The advantage of testing individual requests is that these tests are easier to configure, and they help you identify operations that act as a bottleneck for the whole application. I recommend starting with these as you run your first stress tests. If these already lead to failures, it may indicate fundamental problems with your API or the infrastructure. You can compare different API operations to see which is the most stressful for your software to handle. However, if you don't see problems with simple endpoint tests, this doesn't necessarily mean everything's fine.
Thanks to caching, computers are great at doing the same thing many times over. That's why you should ideally simulate traffic patterns. You can go through typical use cases for your API and design a test around them. For example, by looking at applications with high consumption or from the documentation for a public API. Even better, you can take your log files from production, extract the requests actual users made, identify common patterns, and replay them against your API. These chains of requests provide the most insights on potential breaking points in the workflow of real users.
A third, somewhat in the middle approach, is to take your logs and group your API endpoints by the percentage of requests they receive. Then, you can run your stress test with comparable ratios. Your system won't run actual workflows, but it will get a similar request profile overall.
With BlazeMeter, you can upload or enter your API URLs directly and set up a test from the web-based dashboard if you want to make just basic endpoint tests. For advanced test scenarios, you can use tools like Taurus or JMeter to build test scripts.
As you can see, designing good stress tests - or really any API performance tests - requires that you have some insights into your API. I already mentioned log files, but API monitoring tools, which BlazeMeter also provides, and more general APM (application performance monitoring) tools like New Relic are also helpful.
What does it mean that an API breaks down? Well, the meaning of that behavior could vary greatly. It could return one of the well-defined error messages in its OpenAPI description. Alternatively, API requests may stay open without receiving a reply until the end of some timeout threshold. Your server might stop serving them at all and return a low-level TCP error, or your web server in front of the application sends HTTP errors like 502 Bad Gateway. Your tests must handle and report all of these conditions.
Functional API tests help you validate that your API returns correct responses and appropriate error messages for input errors. APIs are a contract. Like any agreement, they should not just define the expected outcome but also what happens when things go wrong. Error handling is a part of API design.
With stress testing, you can determine whether your API fails as gracefully in cases of overload as well. Hence, make sure you also include assertions of API responses in your stress tests and don't be satisfied with just testing that you get a response at all.

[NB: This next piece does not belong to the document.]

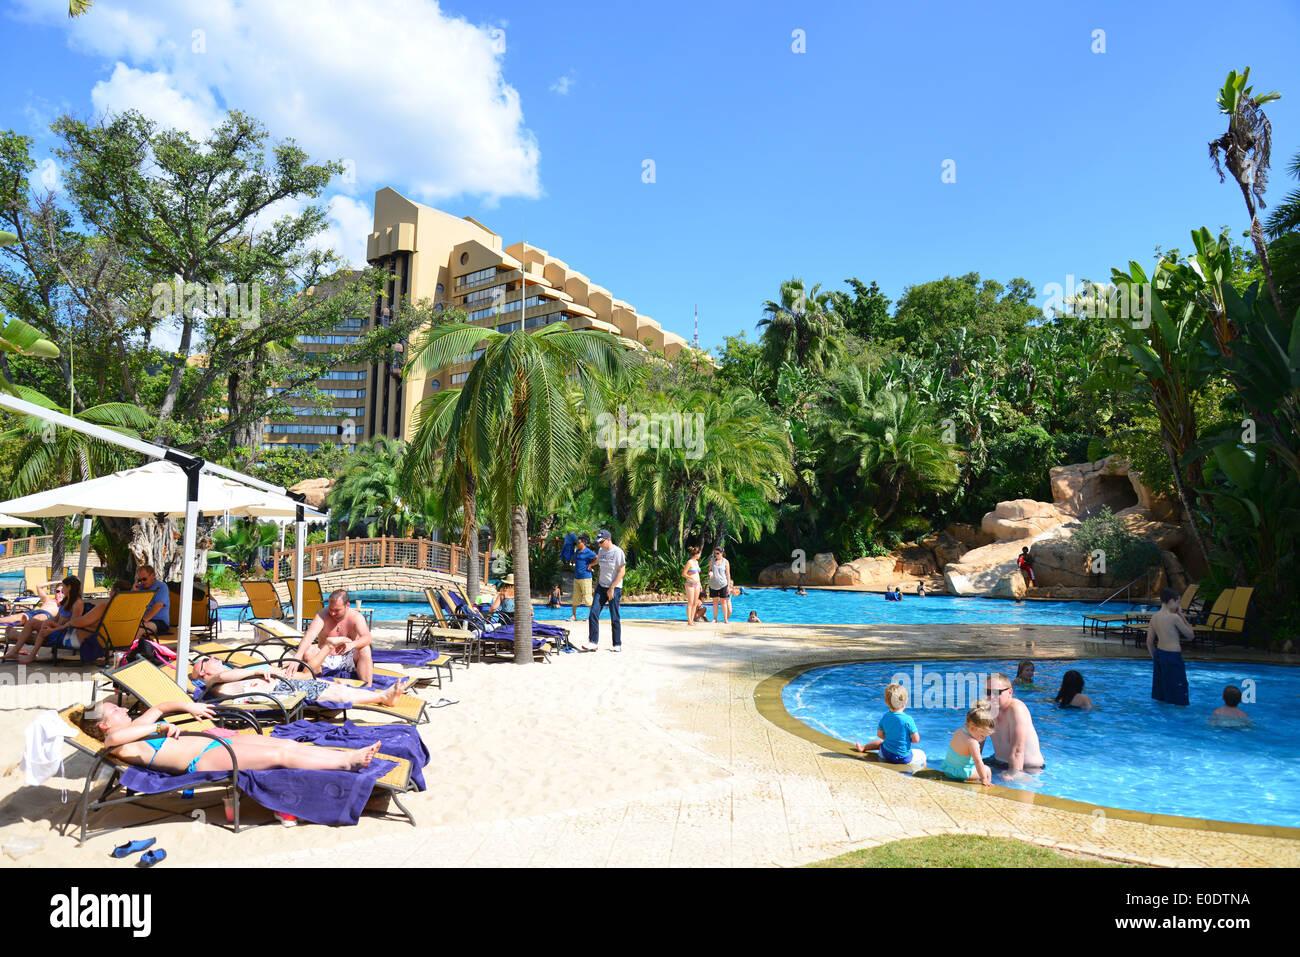 Swimming Pool At Cascades Hotel Sun City Holiday Resort Stock Photo Royalty Free Image

A stress test may reveal internal error messages that you don't expect to see under normal circumstances. Those error messages could include stack traces that show your application architecture or display personal data, both of which are security issues.
Sometimes applications fail with empty responses or error messages accompanied by the 200 OK status instead of the 5xx response they should have. Make sure you watch out for those and use the stress test as an opportunity to improve error messages! Your API consumers will thank you.
In summary, if you start creating and executing stress tests, pay attention to your test environment and how it interferes with your production setup. Review your traffic to make sure you run realistic test scripts or understand the limitations of simplifications. Finally, make sure you test your API responses and pay good attention to the unexpected ways that errors appear. Then, you can relax and be confident in knowing the robustness of your API!